Problem:
Many companies are faced with the challenge of dealing with big data. With the ever-growing amount of data being generated, it is important for IT professionals to find ways to gather and process data from various sources. In this article, we will discuss a solution to this problem using Azure SQL Database and Blob Storage.
Solution:
There are two schools of thought when dealing with big data: schema on write and schema on read. Schema on write is represented by the traditional relational database, where raw data is ingested through an ETL process and stored in tables for quick retrieval. Schema on read, on the other hand, is represented by technologies such as Hadoop or PolyBase, where data is processed as simple text files and the table definition is applied during the read operation.
In this article, we will focus on how to load data from Blob Storage into Azure SQL Database using two Transact SQL commands: BULK INSERT and OPENROWSET. These commands were updated with additional functionality in February 2017, allowing us to easily load data from Blob Storage into Azure SQL Database.
Business Problem:
Let’s consider a fictitious company named Big Jon Investments, which invests in the stock market via mutual funds. They currently invest in the S&P 500 mutual fund but are thinking of investing in individual funds starting in 2017. The investments department will need historical data to make informed choices when picking stocks. The boss has asked us to pull summarized daily trading data for the 505 stocks that make up the list. Last year’s historical data should be stored in comma delimited files and will be the start of a new data mart in Azure.
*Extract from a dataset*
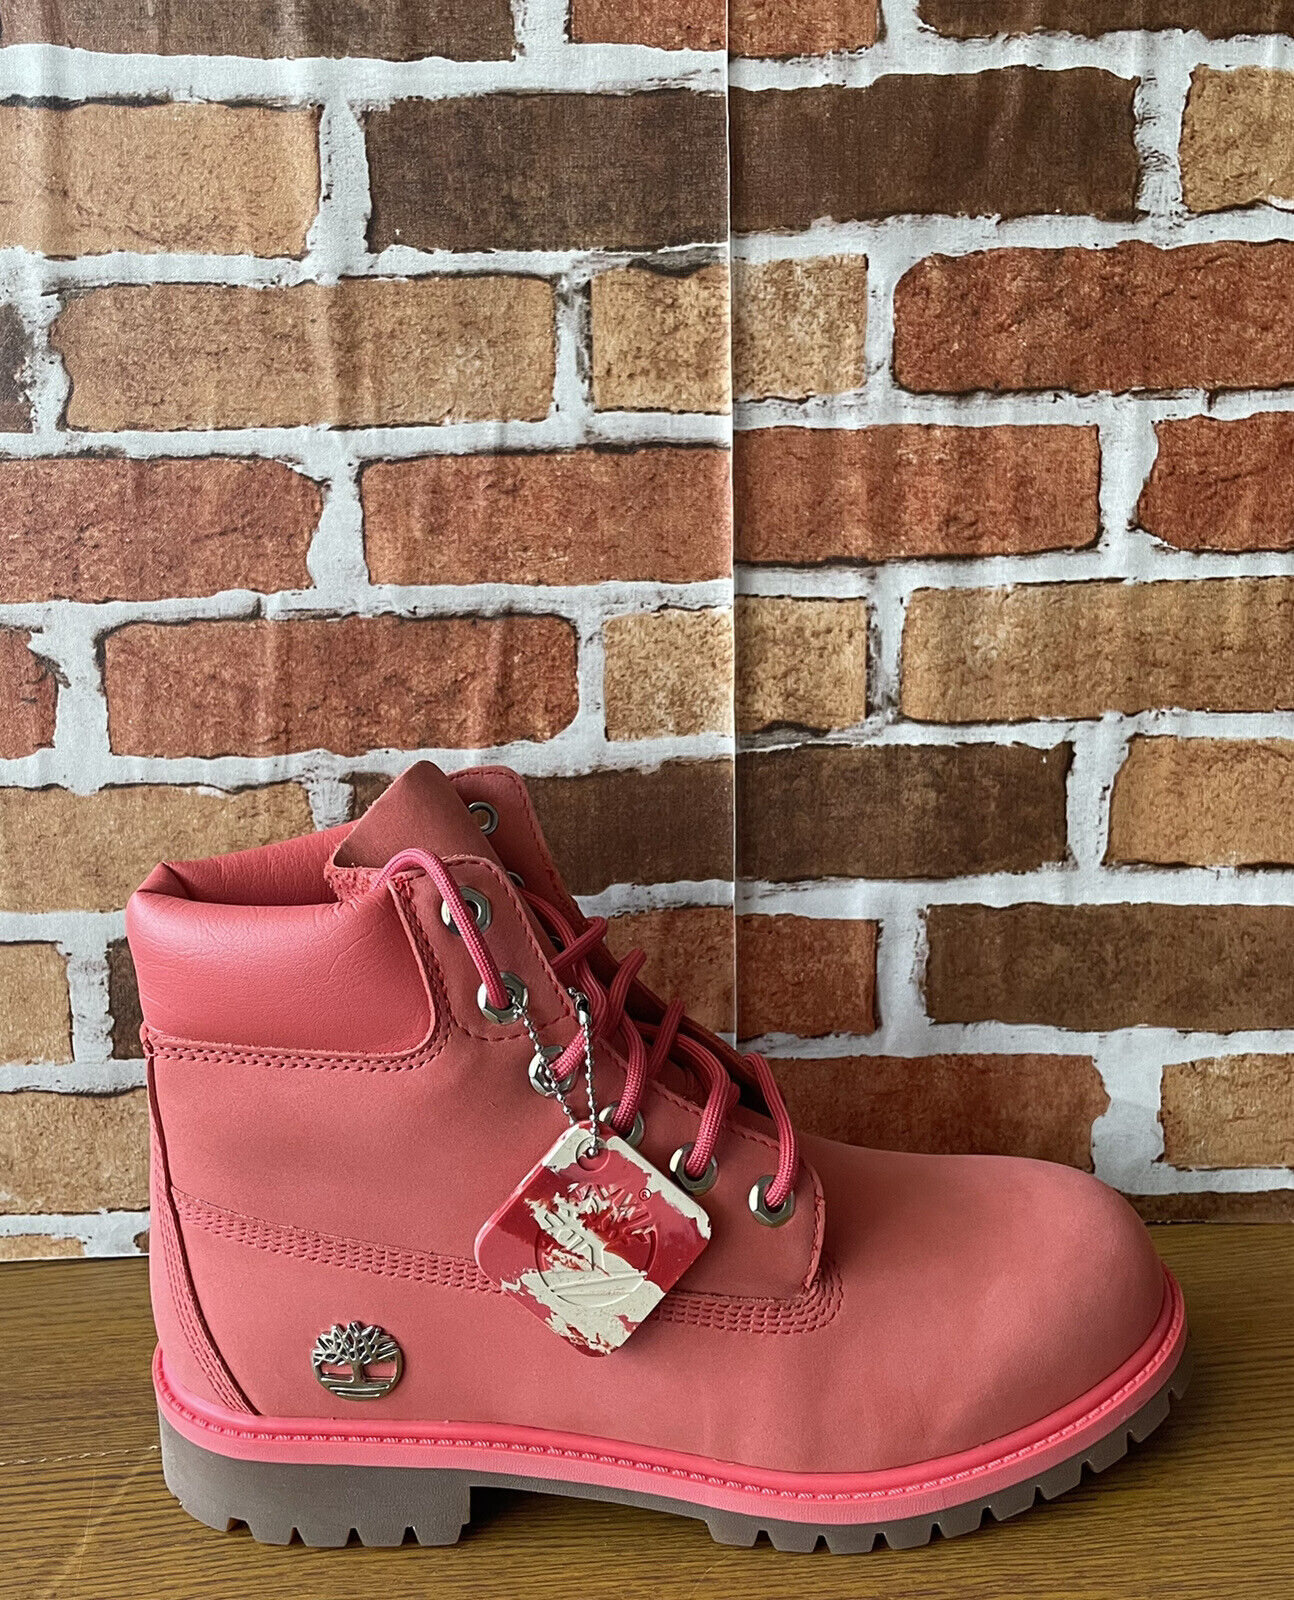 haag Uitputten gevogelte Timberland Youth's 6" Premium Boots NEW AUTHENTIC Pink Red Rose Sz 7  190852478635 | eBay

Our task is to copy the comma delimited files to Azure Blob Storage and load an Azure SQL database table with the combined results.
Task Description:
- Use PowerShell to sign into Azure.
- Create and load an Azure blob container.
- Create and define an Azure SQL database.
- Define an external data source.
- Investigate the two Transact SQL commands: BULK INSERT and OPENROWSET.
Sign into Azure:
Before we can start working in the PowerShell ISE, we need to log in with a valid subscription owner. This requires entering valid credentials, such as a username and password. Once logged in, we can choose the correct subscription to work with.
Create Blob Container:
In Azure, most objects are contained inside a resource group. For this project, we will create a resource group, a storage account, and a blob container. The blob container will be used to store the comma delimited files. We can use PowerShell cmdlets to accomplish these tasks.
Create Azure SQL Server:
Almost everything in Azure is contained by a resource group. For this project, we will define a logical SQL database server inside the resource group. We will also define an administrator account and password for the server. Security is a very important concern, so Microsoft blocks all connections to the database by using a firewall. We will need to add a firewall rule to allow access to the database server.
Define Azure SQL Database:
We will use SQL Server Management Studio to manage our new Azure SQL server. We need to connect to the server to start crafting Transact SQL scripts. Once connected, we can create the necessary tables and define the schemas. In this case, we will create two user-defined schemas: ACTIVE and STAGE. We will also create the necessary tables within these schemas.
Define External Data Source:
In order for the BULK INSERT and OPENROWSET Transact SQL commands to access the Azure blob storage, we need to define an external data source. This involves creating a master key, obtaining a share access signature for the storage account, defining a database credential, and finally creating the external data source using the objects we created beforehand.
Use BULK INSERT and OPENROWSET:
The BULK INSERT command can read both text and binary files from Azure Blob Storage. We can use this command to load the comma delimited files into the staging table. The OPENROWSET command, on the other hand, can read in a CSV file from Azure Blob Storage. We can use this command to load the data from the staging table into the active table. Both commands require specifying the data source and format of the files.
Summary:
In this article, we discussed how to load data from Blob Storage into Azure SQL Database using the BULK INSERT and OPENROWSET Transact SQL commands. We also covered the steps required to set up the necessary infrastructure in Azure, such as creating a blob container, defining an Azure SQL server, and creating the necessary tables and schemas. By following these steps, we can easily load data from Blob Storage into Azure SQL Database and perform further analysis on the data.